== RECORD EXTRACTS
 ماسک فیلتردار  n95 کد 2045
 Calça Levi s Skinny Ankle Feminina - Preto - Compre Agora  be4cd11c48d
====
== RECORD EXTRACTS
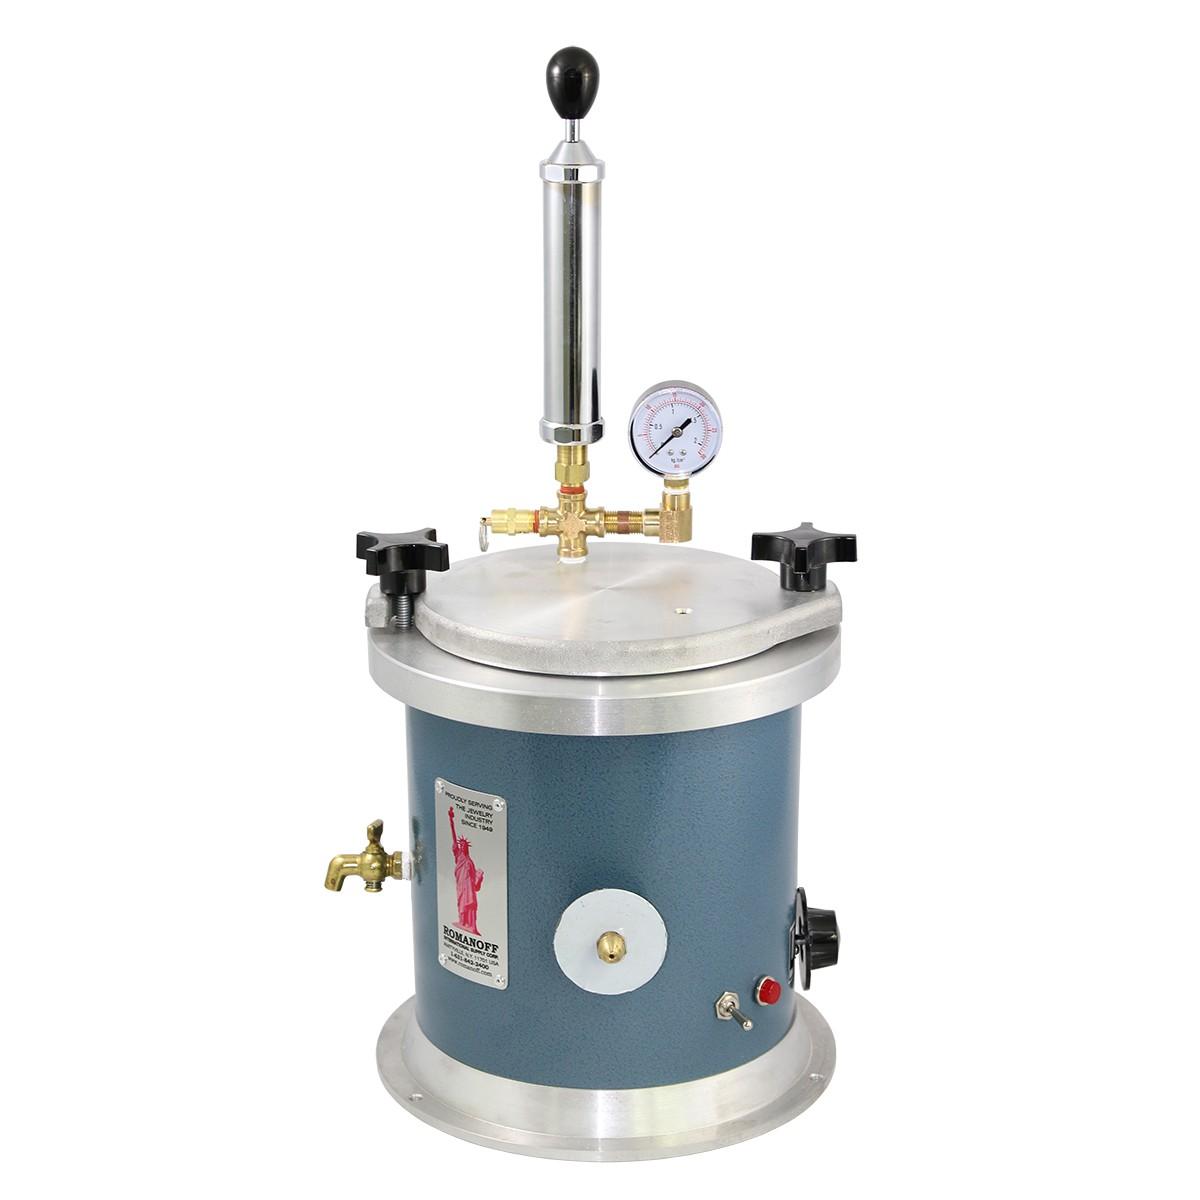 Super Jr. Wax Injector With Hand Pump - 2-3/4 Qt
====
■ ABOUT THIS TASK: Only the lines above from the line containing "n95 کد 2045" through the line containing "Calça Levi s" should be retyped, exactly and with both ends included.

■ RESULT OF THIS TASK:
 ماسک فیلتردار  n95 کد 2045
 Calça Levi s Skinny Ankle Feminina - Preto - Compre Agora  be4cd11c48d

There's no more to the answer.